Les travaux de remodelage des épis, longues langues enrochées barrant la Loire souvent perpendiculairement, entre Chalonnes et Bouchemaine sur une dizaine de kilomètres en aval d'Angers, ont-ils atteint leur objectif ? Effectués à l'automne 2009, ils ont consisté à raccourcir et abaisser ces épis, qui ne représentent qu'une partie des 700 épis construits entre Angers et Nantes pour permettre la remontée des bateaux en chenalisant la Loire (1).

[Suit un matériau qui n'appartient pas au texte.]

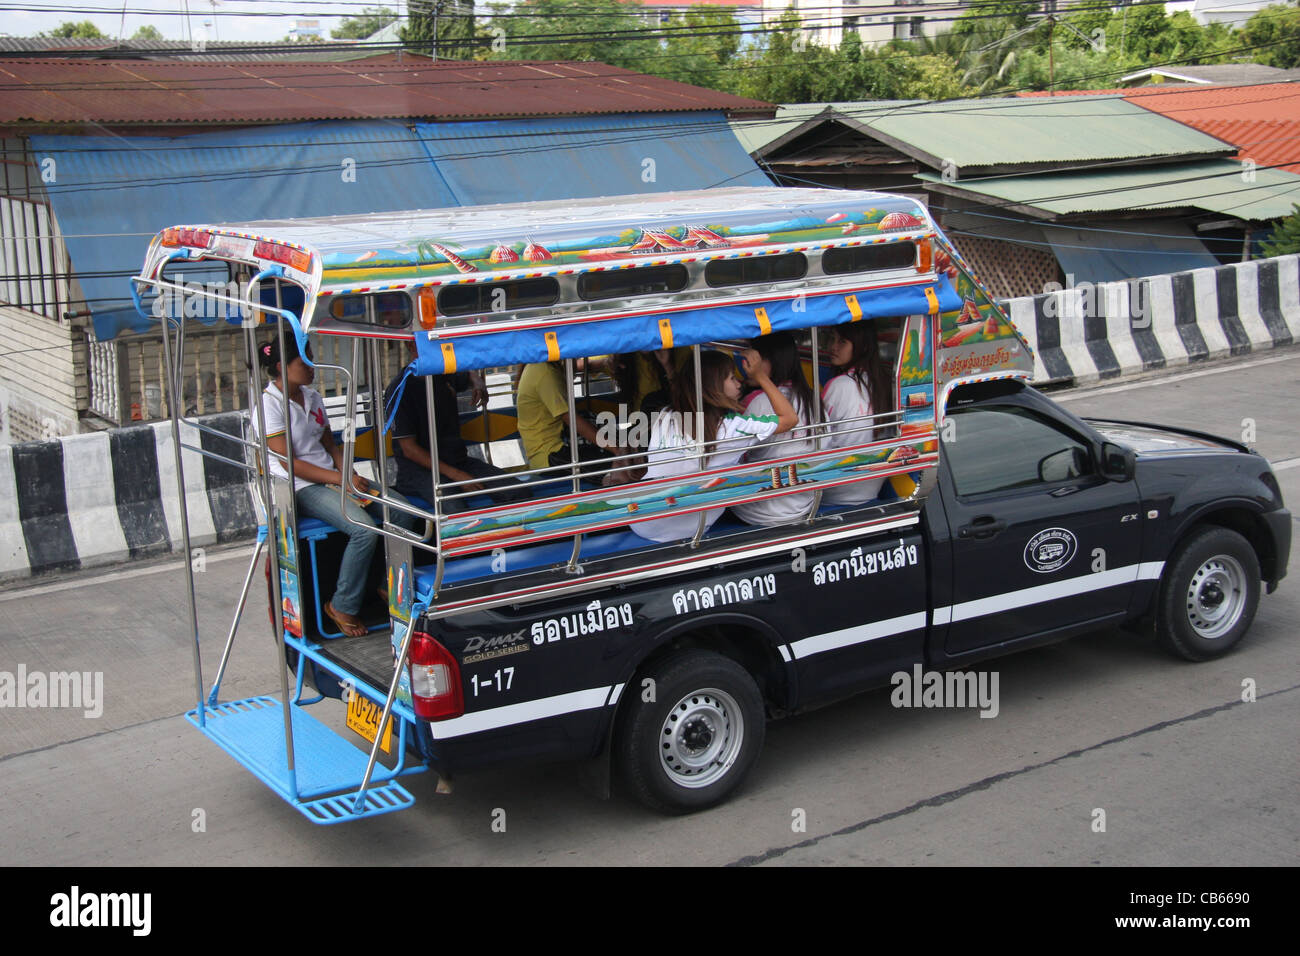 10 Bus remodel ideas  mobile boutique, mobile fashion truck, bus

L'opération vise à faire migrer une partie des sédiments retenus entre les épis vers le chenal et ainsi à remonter la ligne d'eau d'étiage de 25 à 35 cm ; elle sert aussi à refaire fonctionner partiellement les annexes hydrauliques plus ou moins déconnectées du fleuve, surtout en été. Cela contribue à favoriser la biodiversité, reconstituer les frayères, lutter contre le déchaussement d'ouvrages d'art (quais, piles de pont...) et faire remonter le bouchon vaseux (2), source de surmortalités piscicoles. Ce programme fait partie du 3e Plan Loire (2007-2013), coordonné par le préfet de la Région Centre.

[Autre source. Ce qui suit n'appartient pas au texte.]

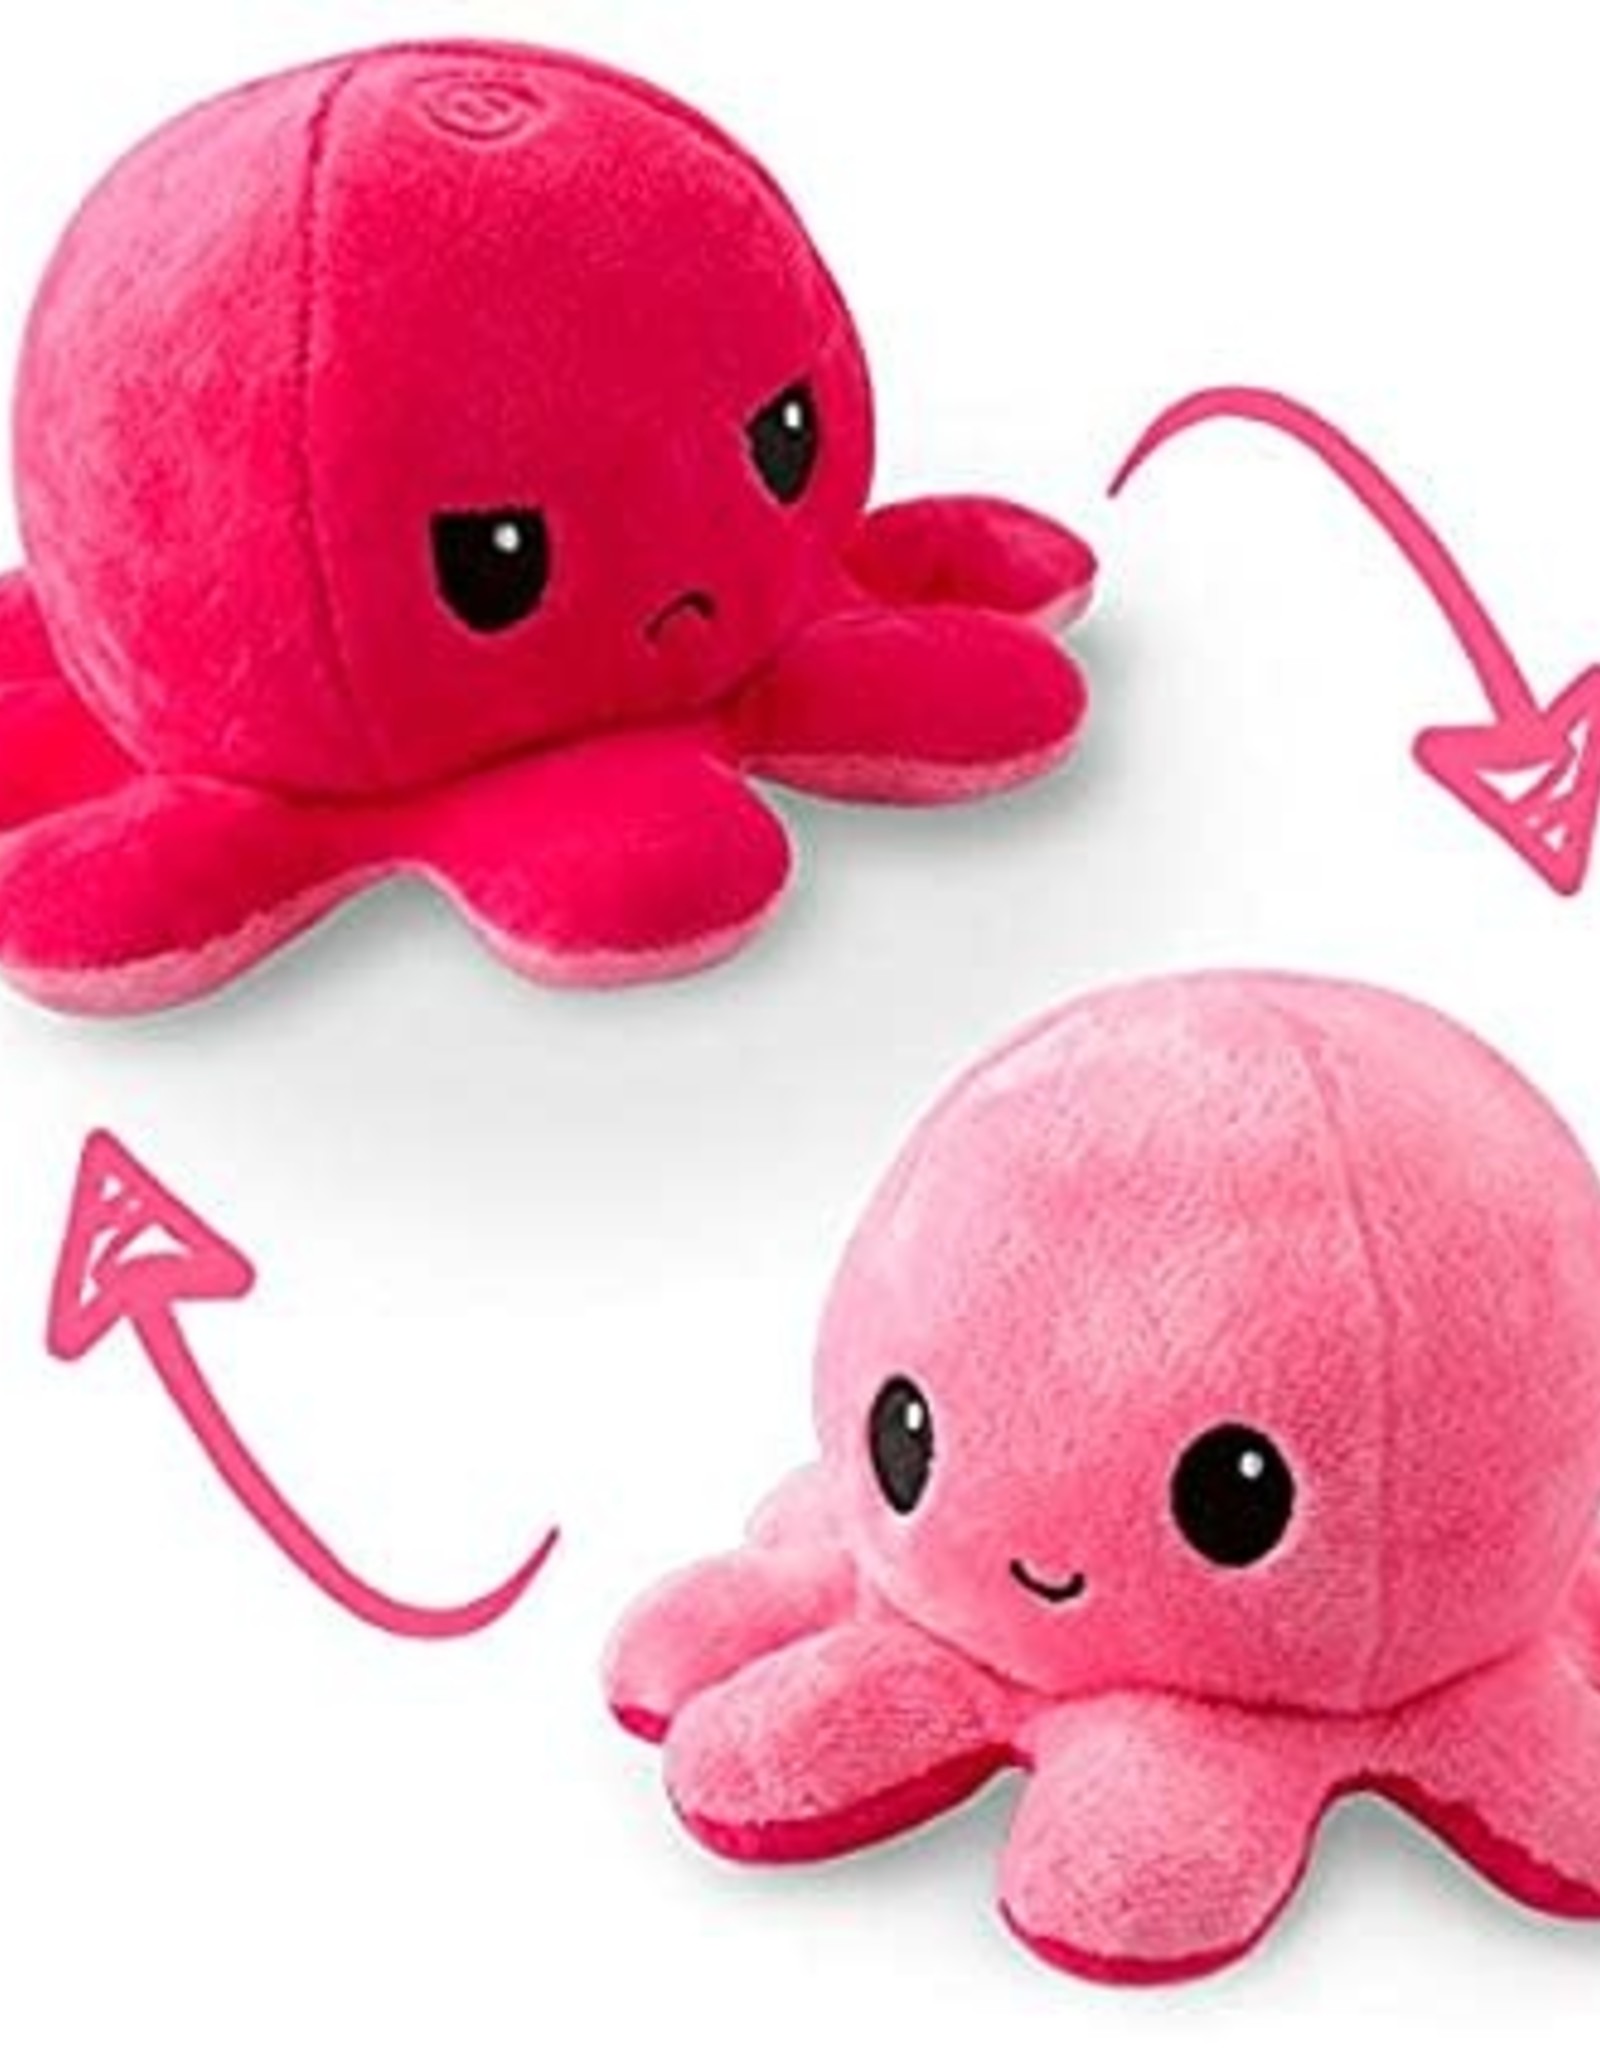 TeeTurtle Reversible Octopus Plush Pink/Pink

LA PRUDENCE EST DE RIGUEUR
Voies navigables de France (VNF), maître d'ouvrage de l'opération, reste très prudent quant aux résultats : « Un suivi est engagé sur cinq ans : VNF étudie la ligne d'eau, l'université de Tours suit la remobilisation des sédiments et la DREAL Pays de la Loire les vitesses et débits, explique Sylvain Bron, chargé d'opération chez VNF. Ces relevés ont commencé, mais il faut attendre deux crues de période de retour de deux ans (3 100 m3/s) et deux étiages (200 m3/s) pour conclure. Il y a des secteurs où l'on observe visuellement une remobilisation des sédiments, mais ces derniers se sont peut-être redéposés sur un secteur aval. Un bureau d'études fera la synthèse pour une présentation au comité de suivi scientifique en juin 2011. »

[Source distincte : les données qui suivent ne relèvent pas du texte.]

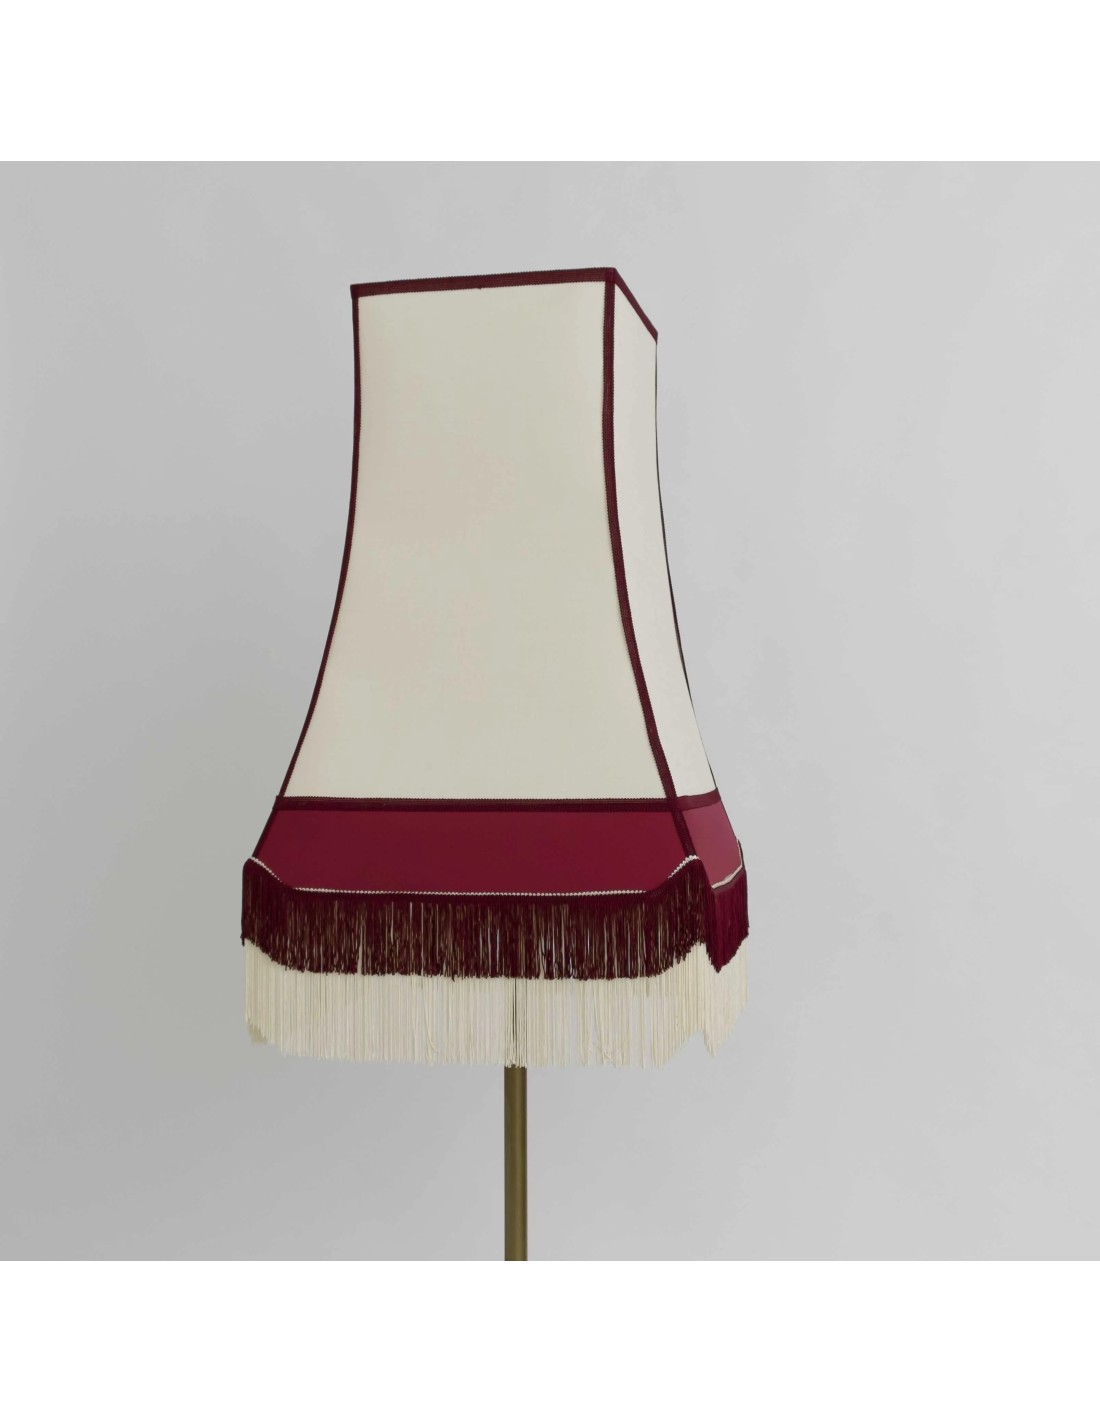 lámpara con tela de rafia granate  de un sofisticado estilo vintage

LES ASSOCIATIONS S'INTERROGENT
Au Comité Loire pour demain (CLD), qui regroupe 33 associations, 318 riverains et 24 communes riveraines, on s'impatiente : « Sur quelles bases sont données les conditions de débit du suivi ? Il s'agit plus de repousser aux calendes grecques les opérations utiles qui doivent concerner tout l'estuaire. En attendant, l'objectif premier du Plan Loire de rehausser la ligne d'eau et qui date de quinze ans [Ndlr : énoncé dès le premier plan de 1995-1999] n'est pas atteint », déplore le président de l'association, Jacques Birgand. « À cette multiplicité d'acteurs (agence de l'eau, Région, État, Établissement public Loire, Voies navigables de France, Fonds européen de développement régional, notamment), nous préférerions un préfet coordonnateur qui tranche », poursuit-il, redoutant que l'État ne finisse par couper les crédits. Alain Fagat, adjoint au maire de La Possonnière, voit l'expérimentation en cours comme un point de départ et milite pour une solution de l'aval à l'amont. Le débat n'est pas donc prêt d'être fini.